#52 - 30 October 2020

Living where you work: is teleworking really the future of cities?

As a second lockdown begins in France, will the city of tomorrow be the city of teleworkers? Nothing is less certain. In March-April 2020, more than a third of French workers were forced to experiment telecommuting but only 50% said they were satisfied at the end of the lockdown, and only 9% of French people would be ready to switch to full-time telecommuting. Many reasons were put forth: the blurring of boundaries between professional and personal life, cramped housing, an increase in gender inequality... For many working people, the slogan of the next world is not “I don't have to go to the office anymore” but rather “come by my house, I live... in my office”.

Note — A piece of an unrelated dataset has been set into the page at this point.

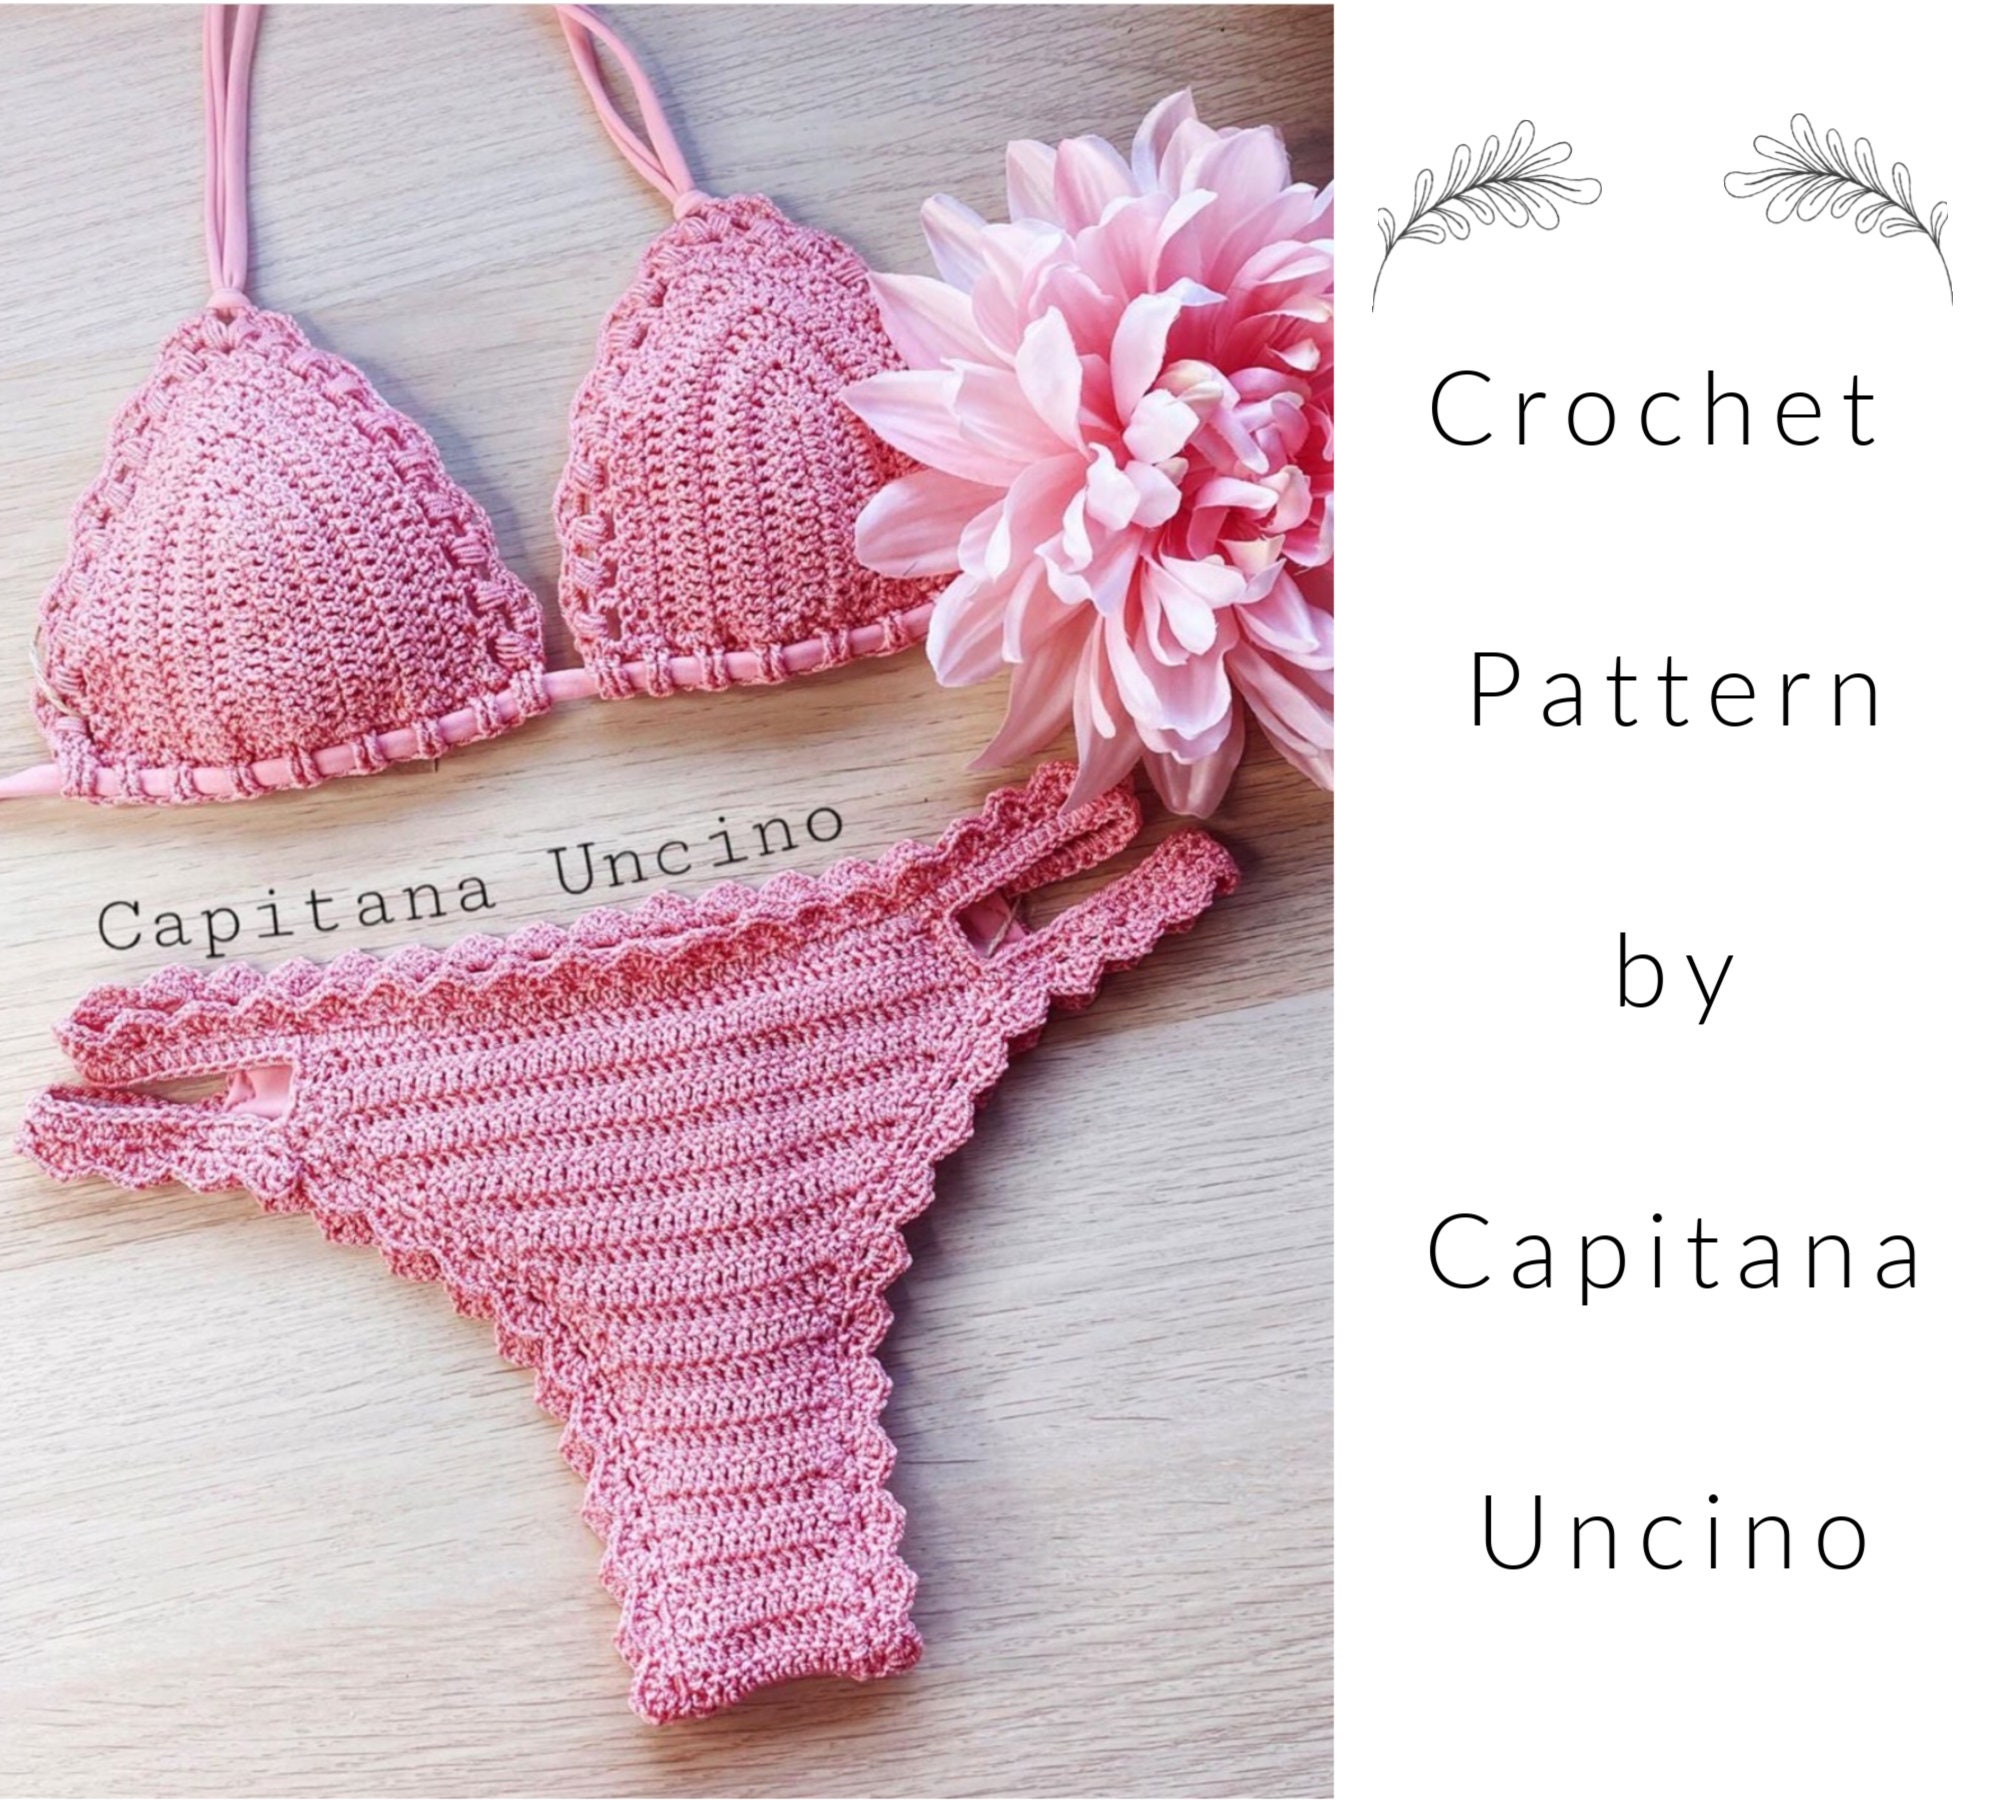 PDF-file for Crochet PATTERN, Marina Crochet Bikini Top and Brazilian ...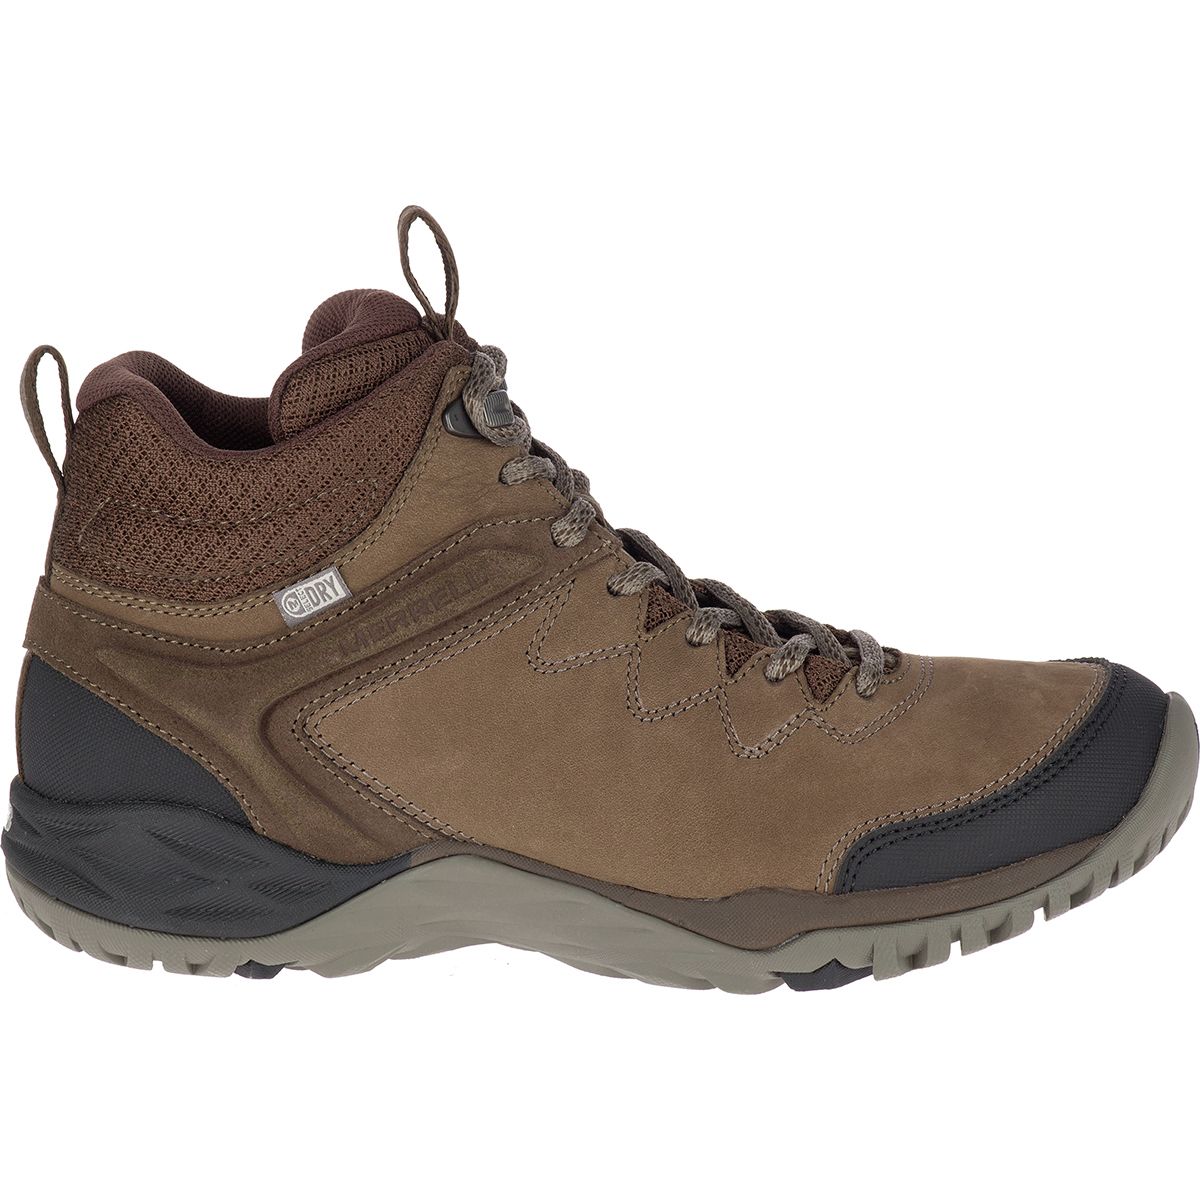 Merrell Siren Traveller Q2 Mid Waterproof Hiking Boot - Women's - Footwear

It is true that telecommuting means the end of rush hour: farewell, traffic jams! For some people, it also means the possibility of leaving big cities and moving to a mid-sized town with cheaper housing. But those choices are not available to everyone: telecommuting is not applicable to many jobs, as seen with those who were on the frontline during the first lockdown. While teleworking removes the need to commute, the time saved by not going to the office may be used to travel to do something else, such as visiting friends. This is called the rebound effect: it eliminates trips related to the home-to-work commute but replaces them largely with other trips.

However, this does not mean giving up the idea of living and working in the same place. In the city of tomorrow, we will talk about workplaces in the plural form: home, office but also mixed spaces such as co-working spaces. And, for those who will go to the office, rush hours are not a foregone conclusion. The French city of Toulouse recently experimented with a pilot program between companies, mobility operators and elected officials to spread out peak hours and share home-to-work commutes. In short, working together... to work better. – Cécile Maisonneuve, President

→ This op-ed is an excerpt from recent chronicles by Cécile Maisonneuve, broadcast on France Info: find all broadcasts (in French) here.

 

No time to read? La Fabrique de la Cité has got you covered.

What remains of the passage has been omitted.